**Data section**
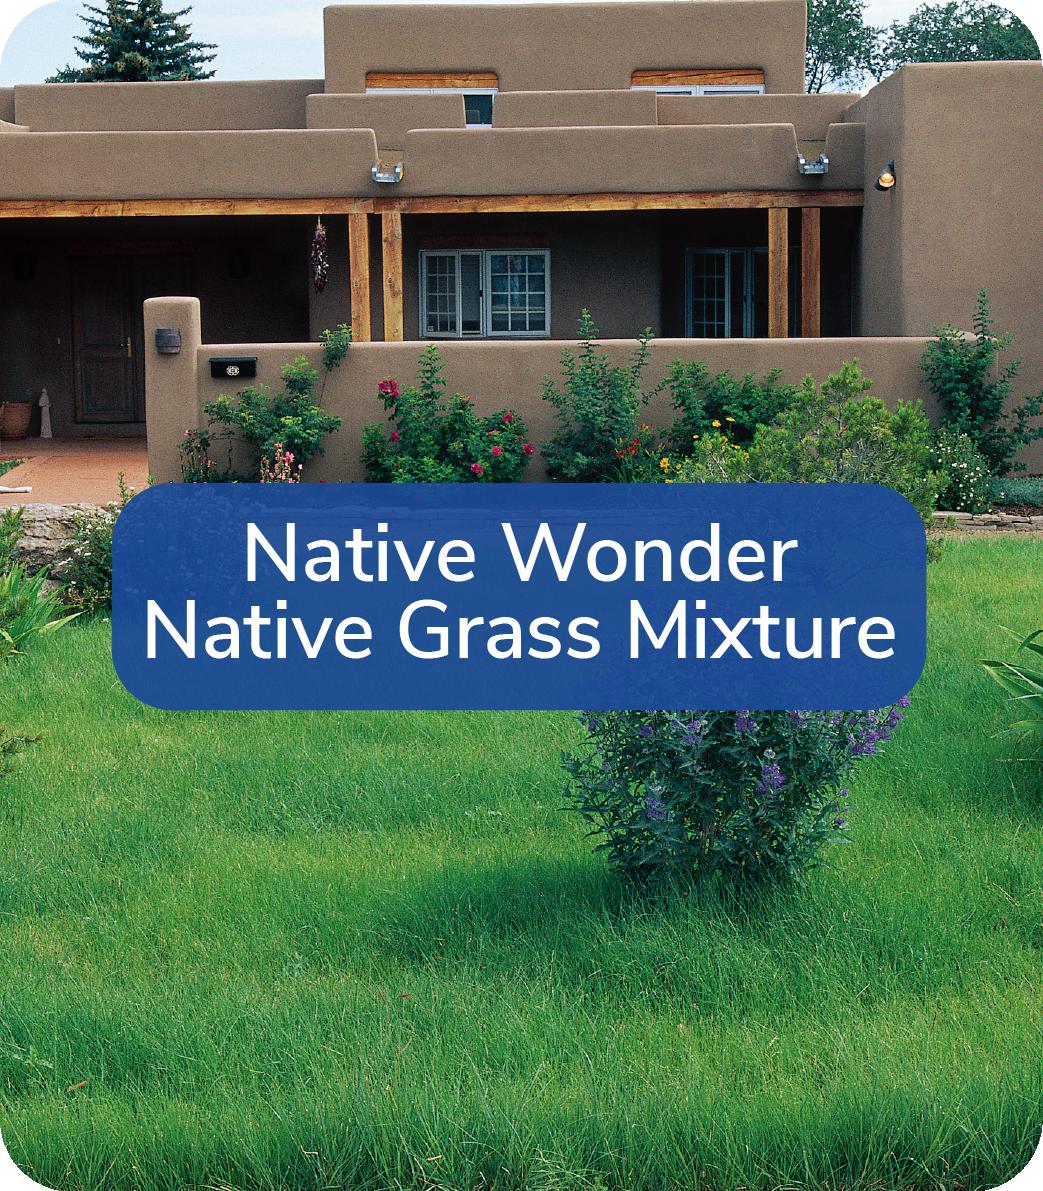 native wonder grass
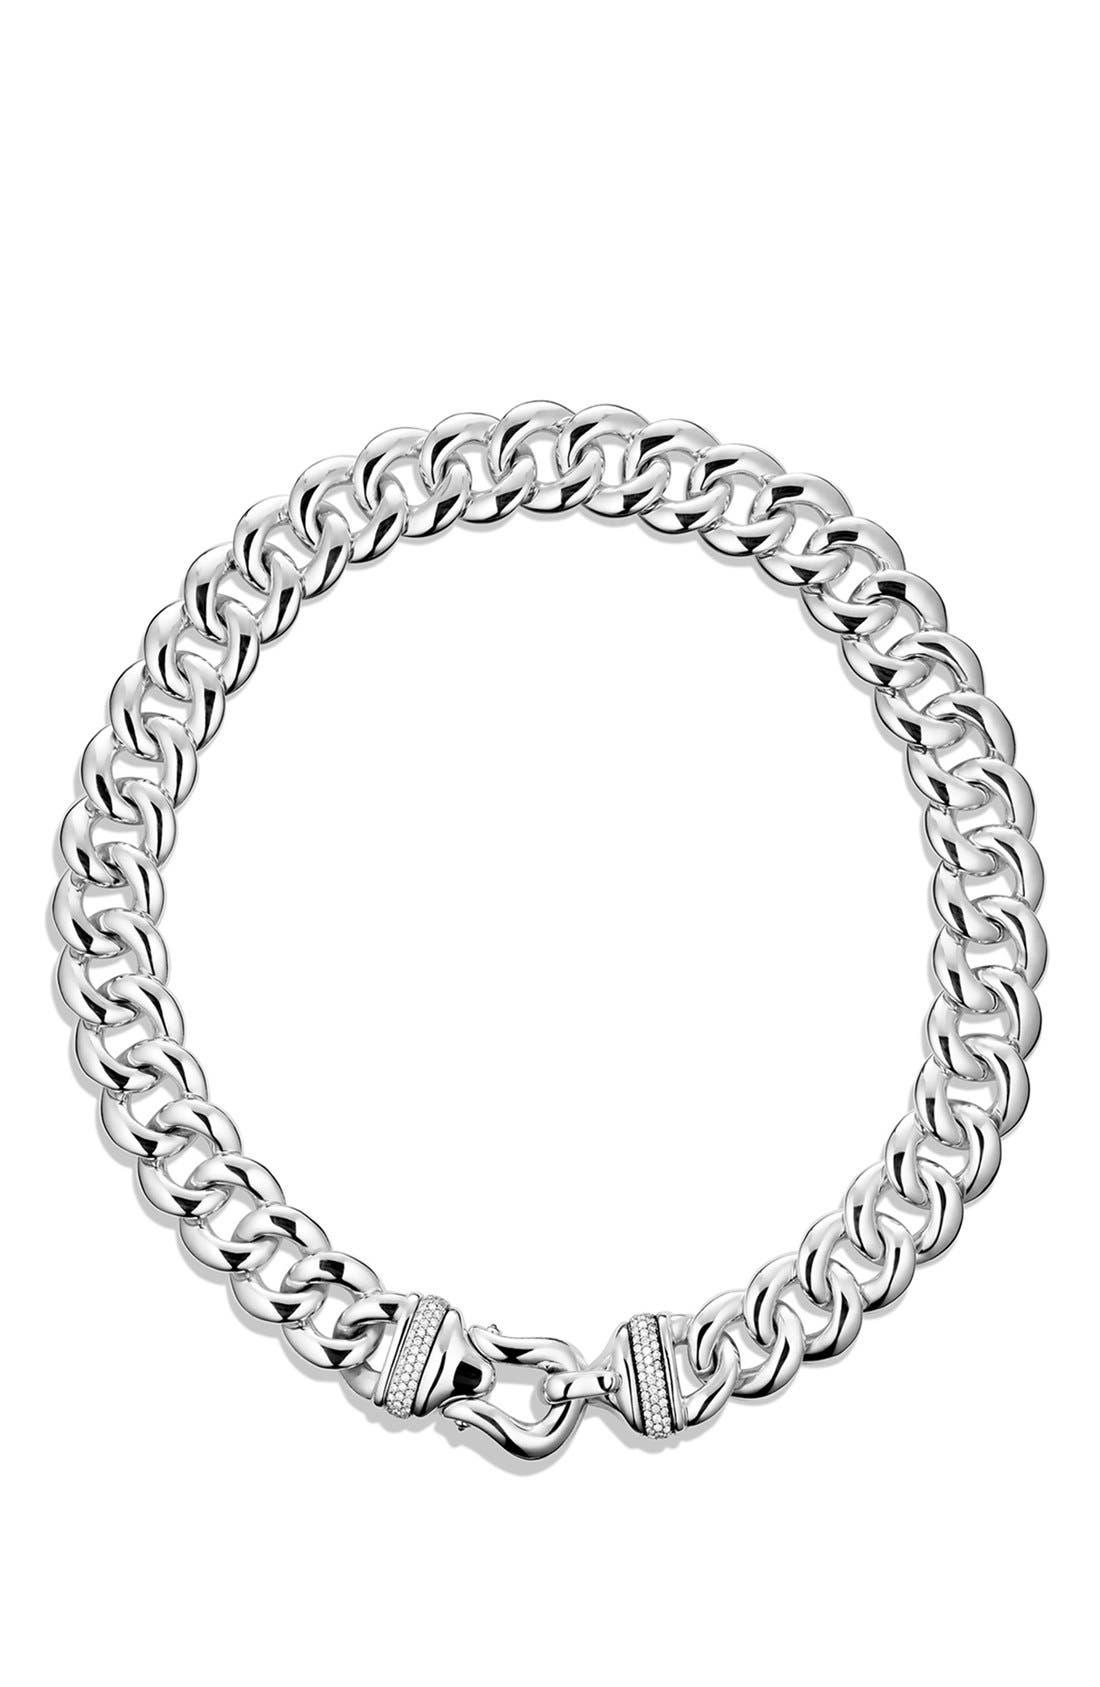 Alternate Image 1 Selected - David Yurman 'Buckle' Chain Necklace with Diamonds
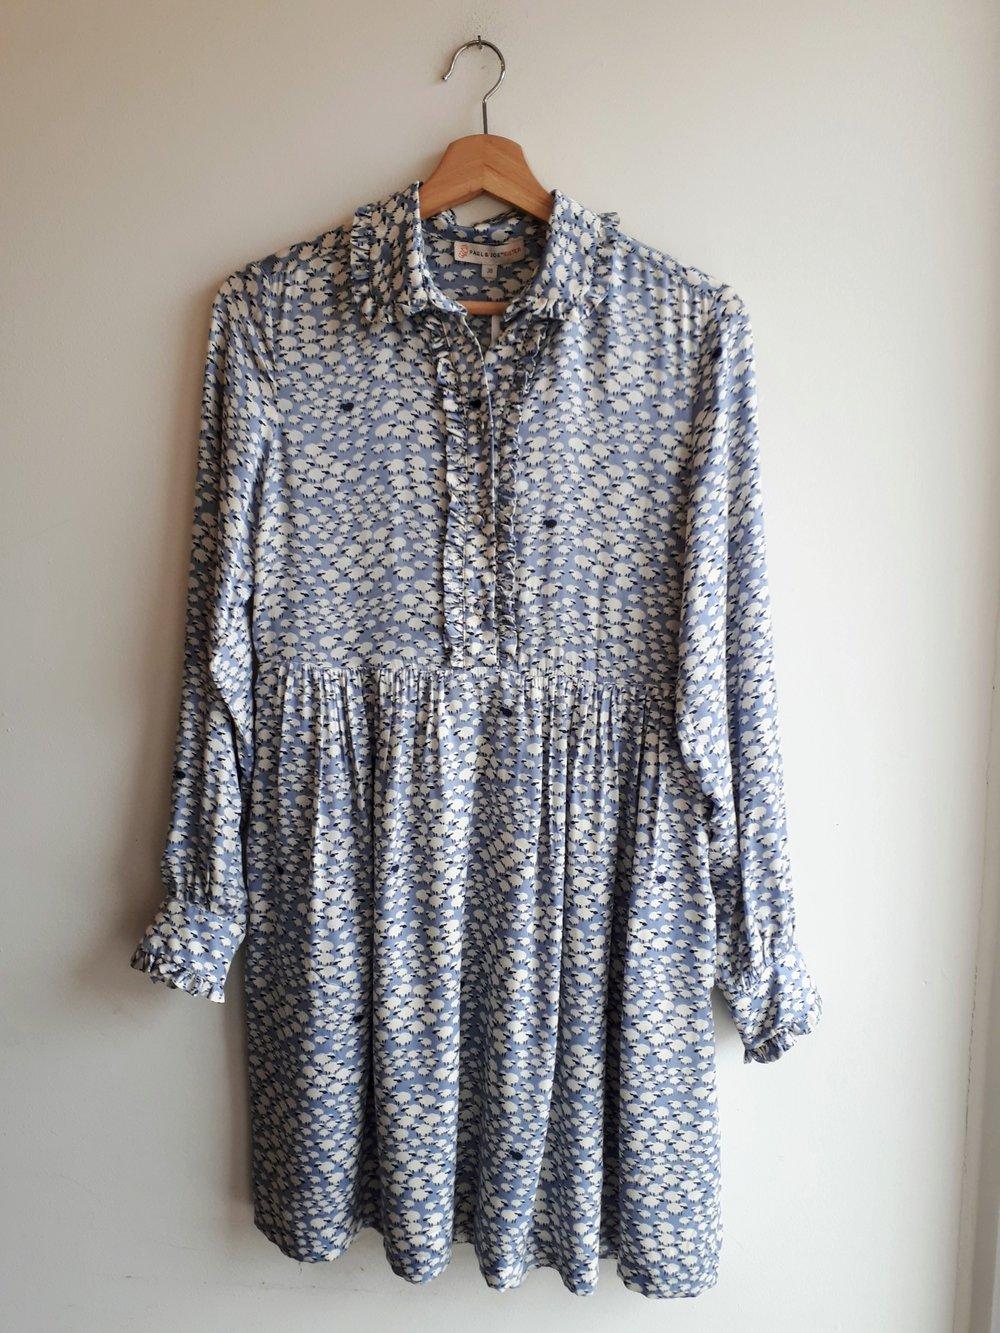 Paul and Joe Sister dress; Size 8, $42

**Exercise directions**
Set down again, exactly, the lines from the one with "Alternate Image 1" to the last line of the data, both included and pictures excluded.

**Result**
 Alternate Image 1 Selected - David Yurman 'Buckle' Chain Necklace with Diamonds
 Paul and Joe Sister dress; Size 8, $42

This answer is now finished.